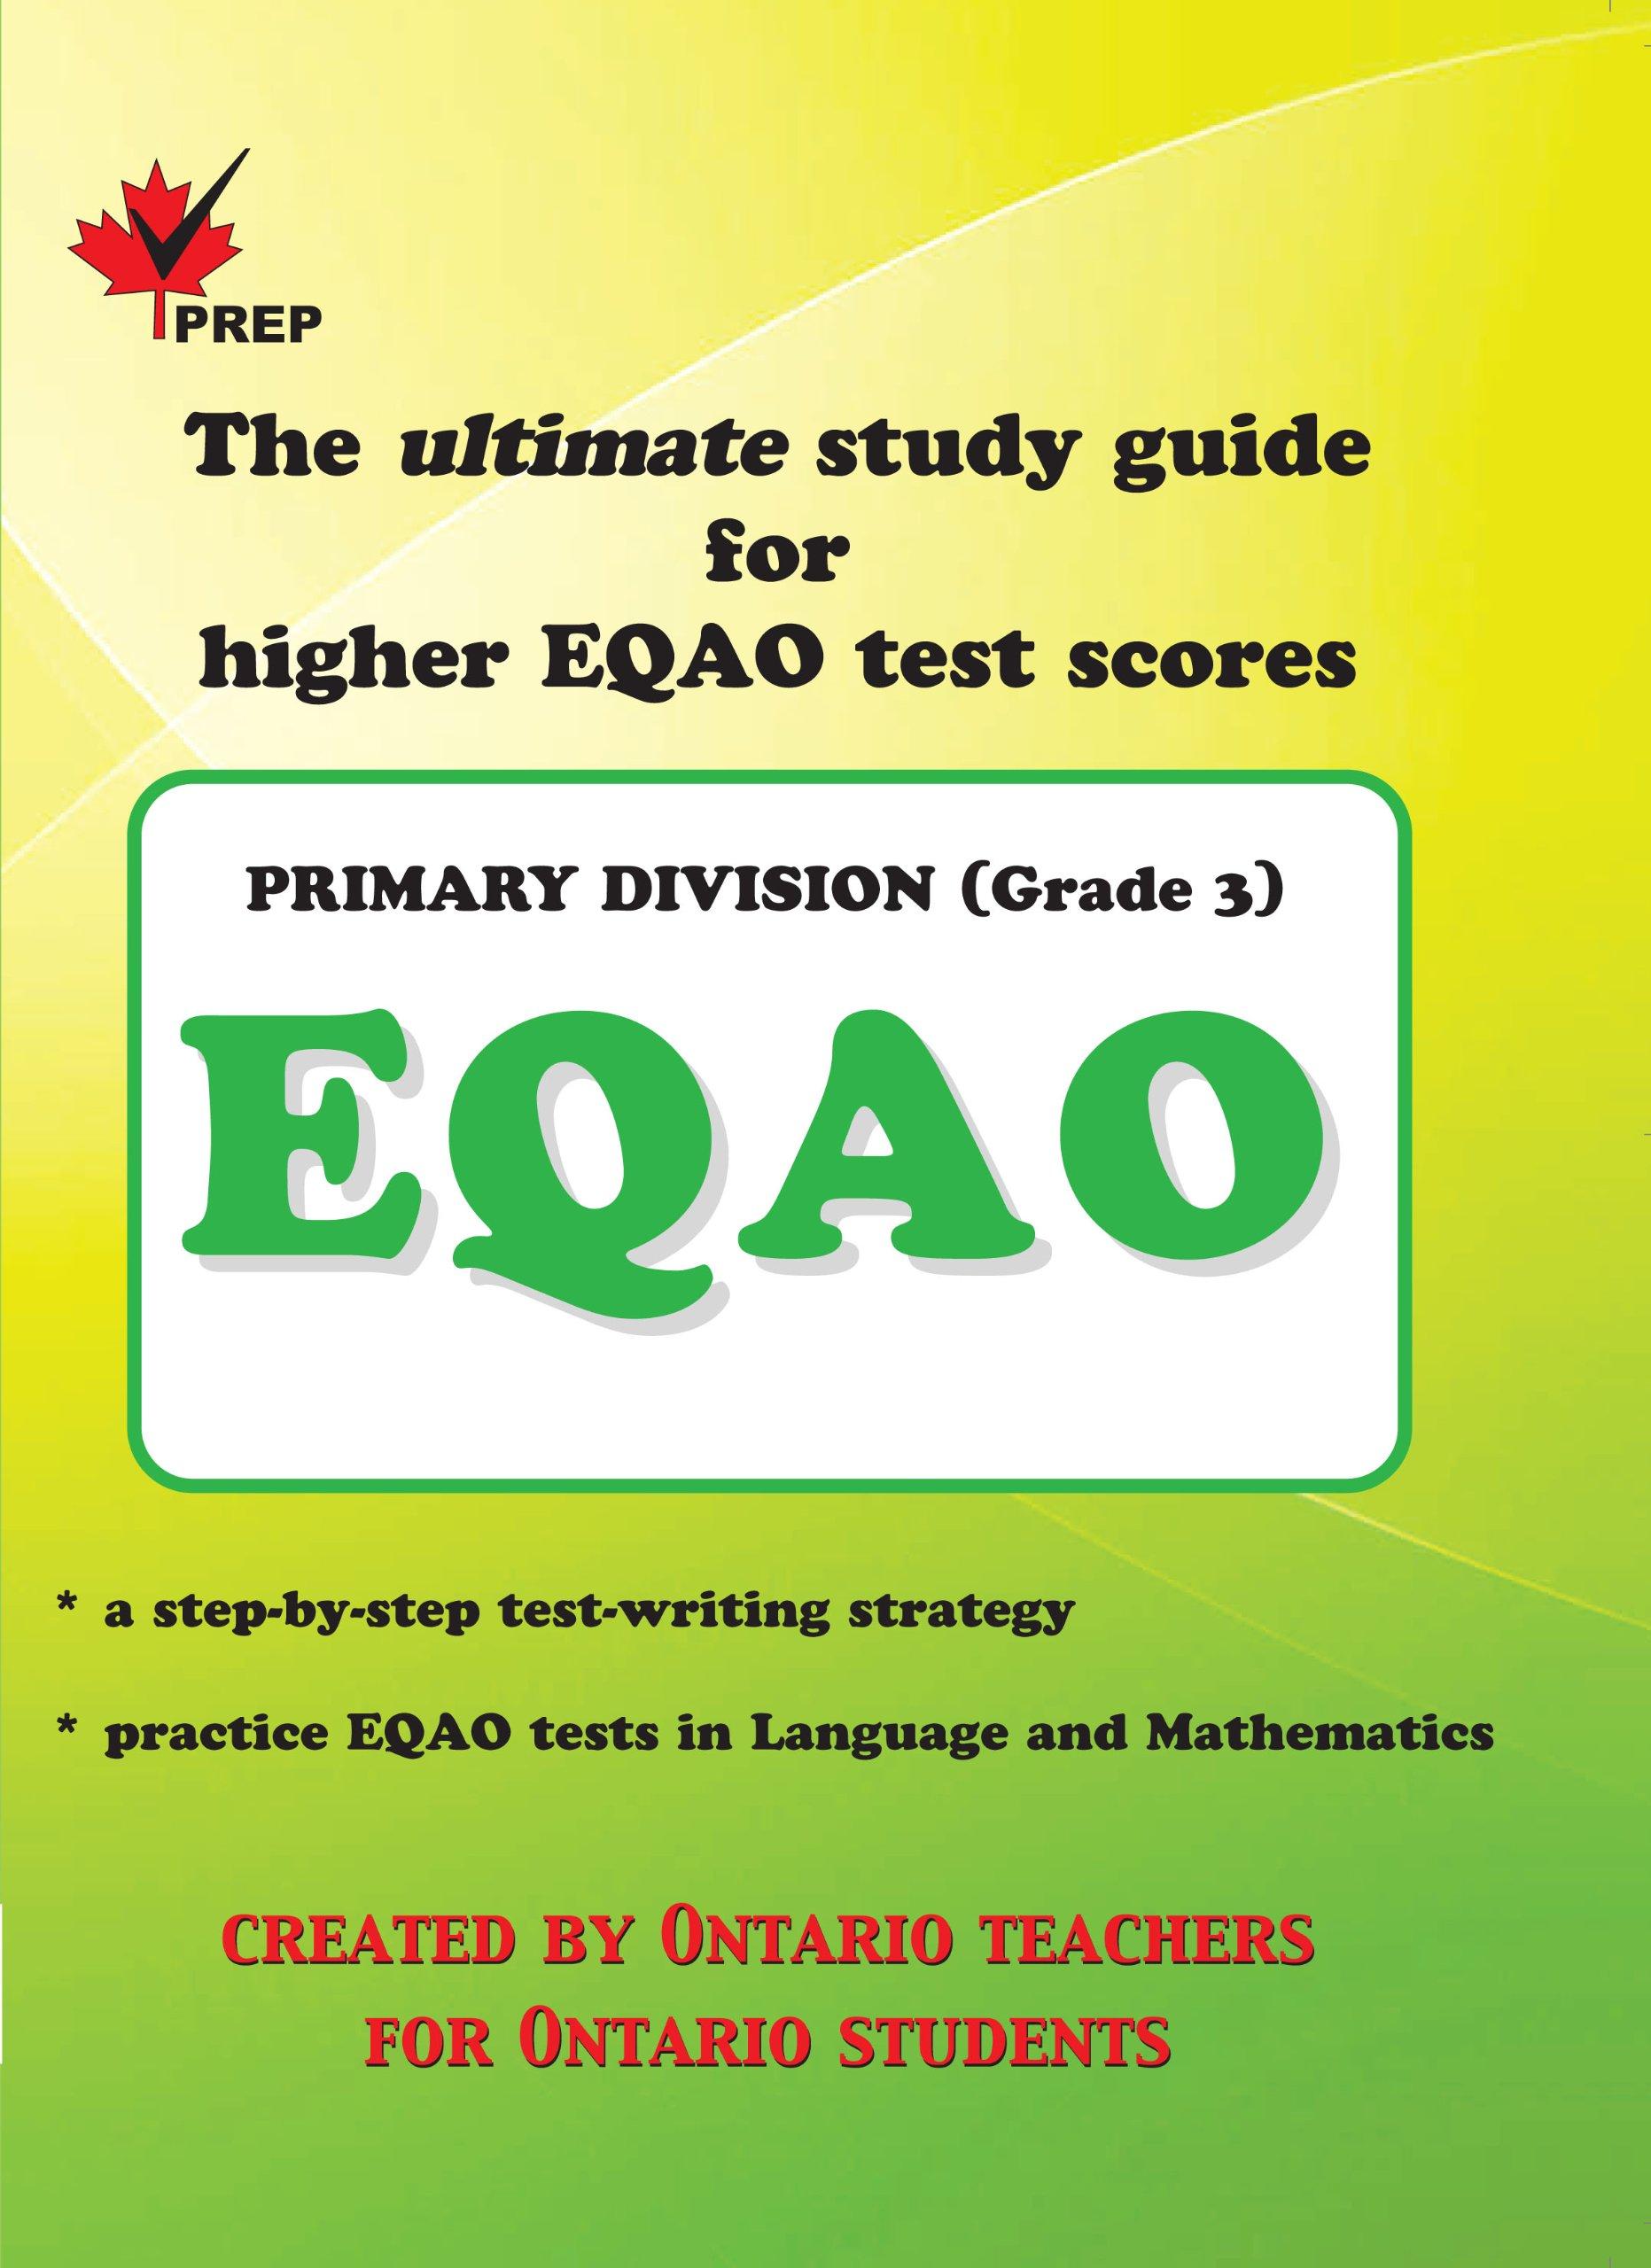 Grade 3 Eqao Summer Advantage Dr D Mullin 9781897440124 Books
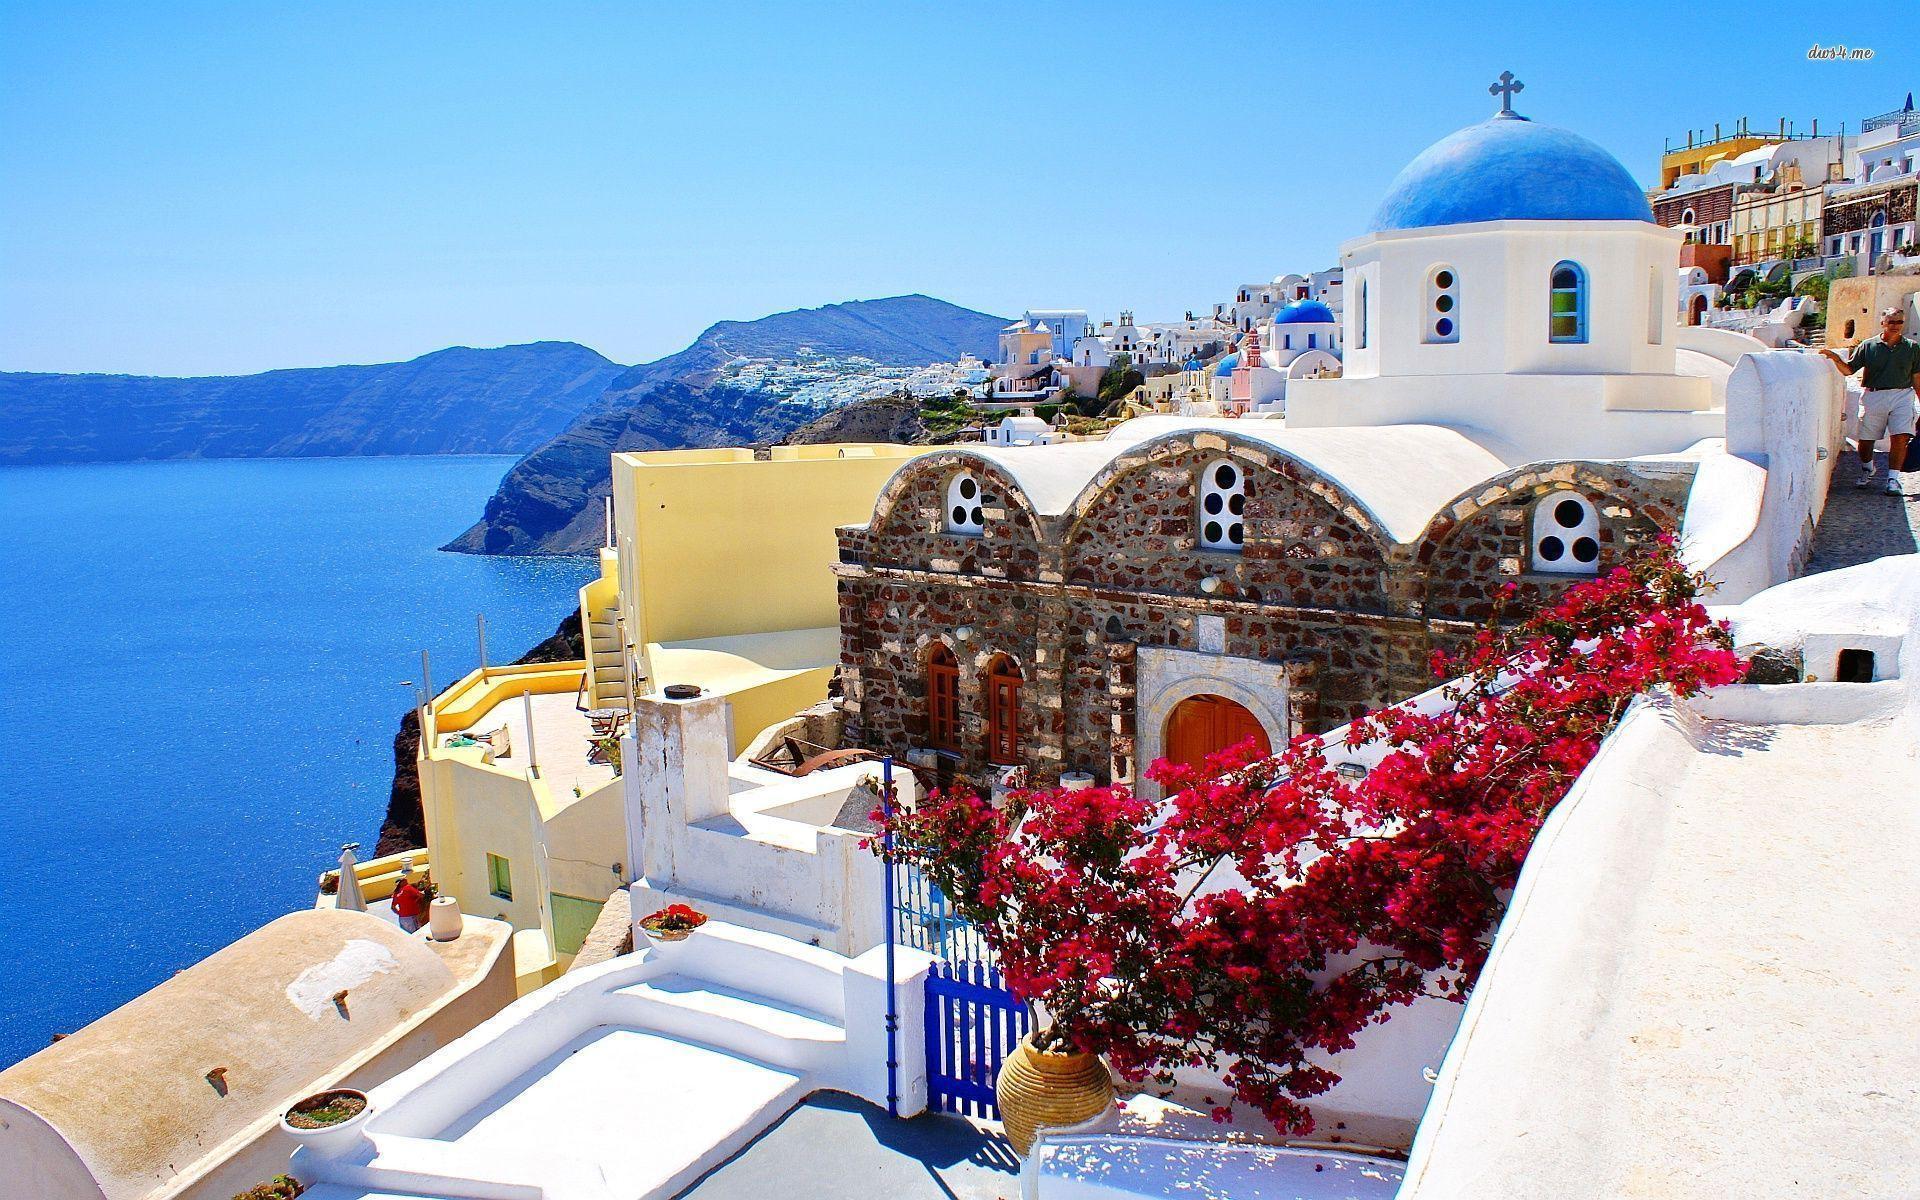 wallpaper santorini greece island - photo #2
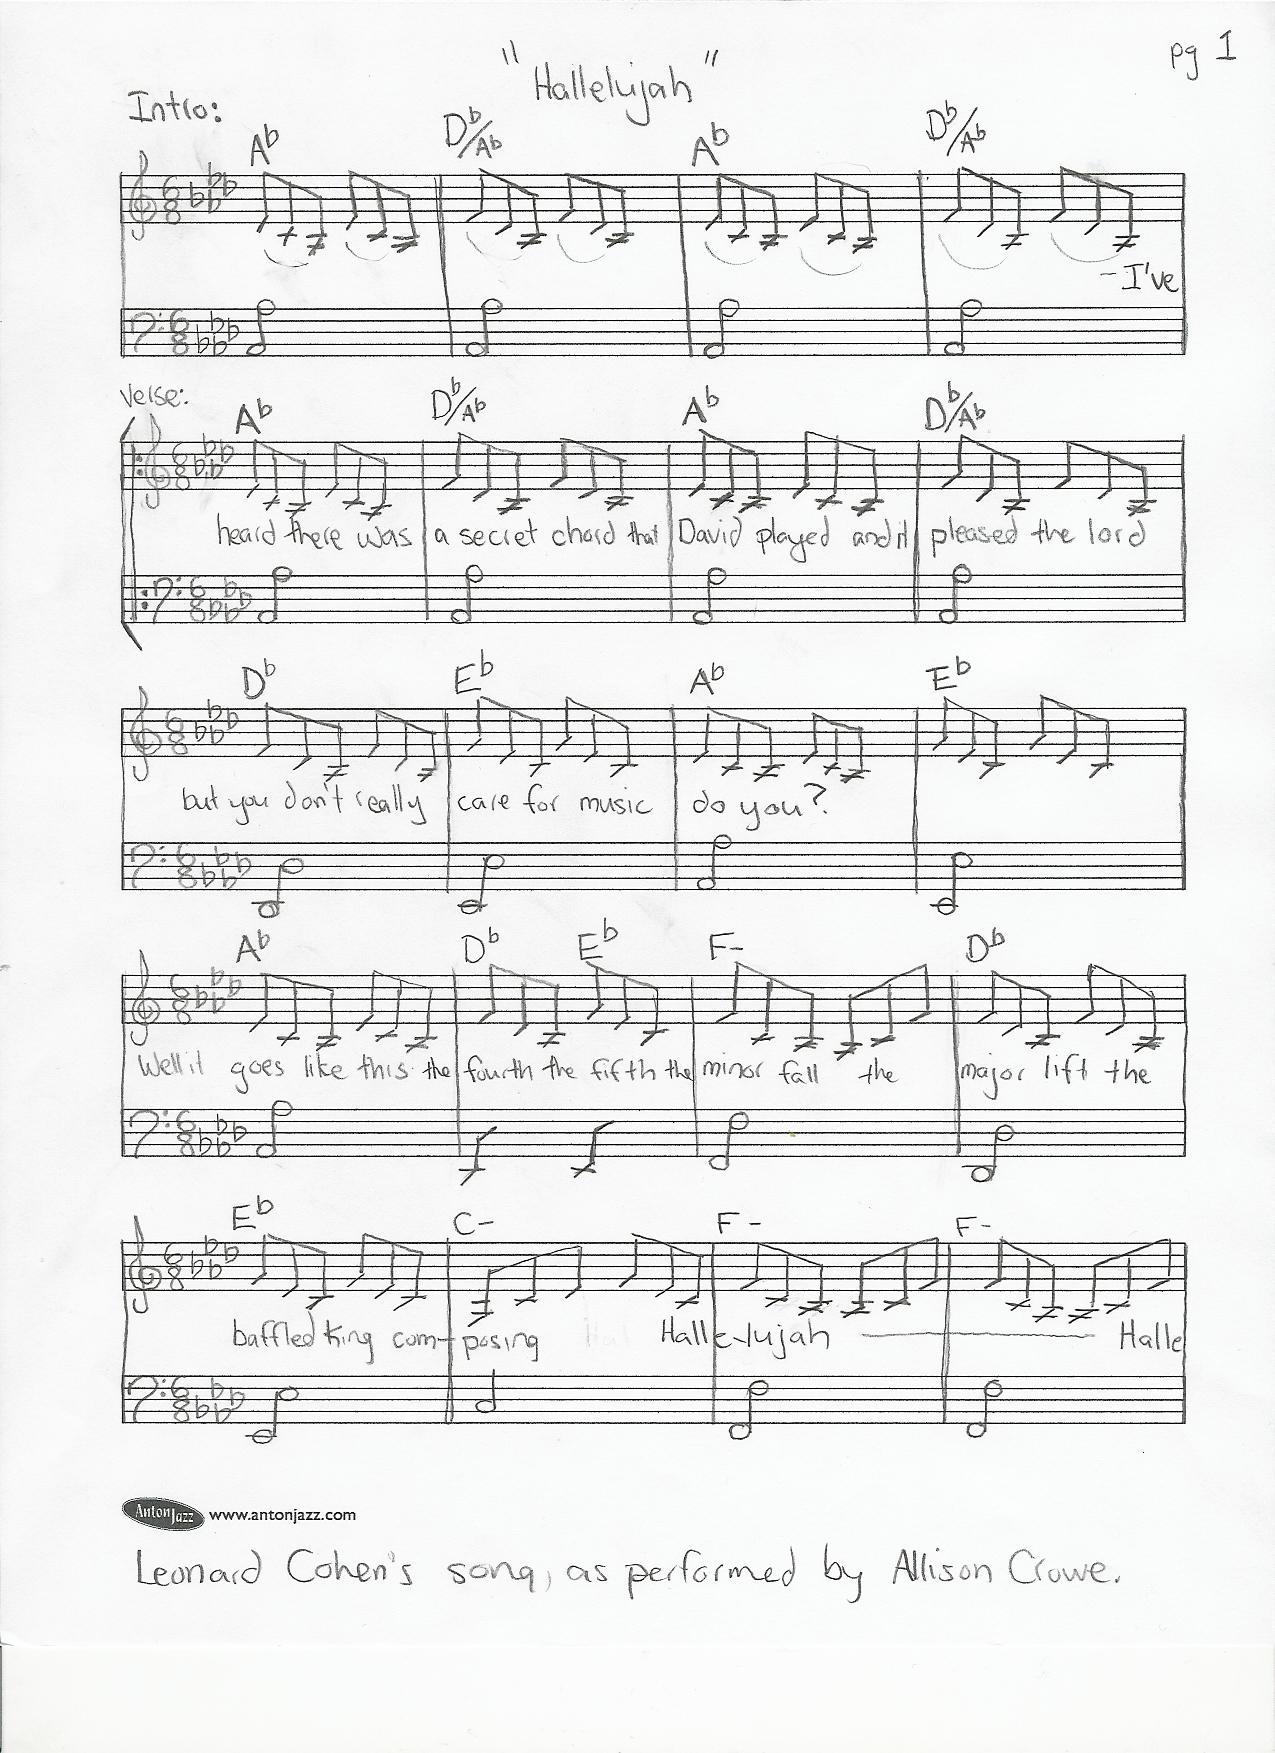 Hallelujah by Leonard Cohen performed by Allison Crowe - Sheet Music

> **Task goal**: From the line containing "wallpaper santorini greece island - photo #2" down to the end of the listing above, every line is to be returned exactly, though the pictures are not.

> **Answer section**:
 wallpaper santorini greece island - photo #2
 Hallelujah by Leonard Cohen performed by Allison Crowe - Sheet Music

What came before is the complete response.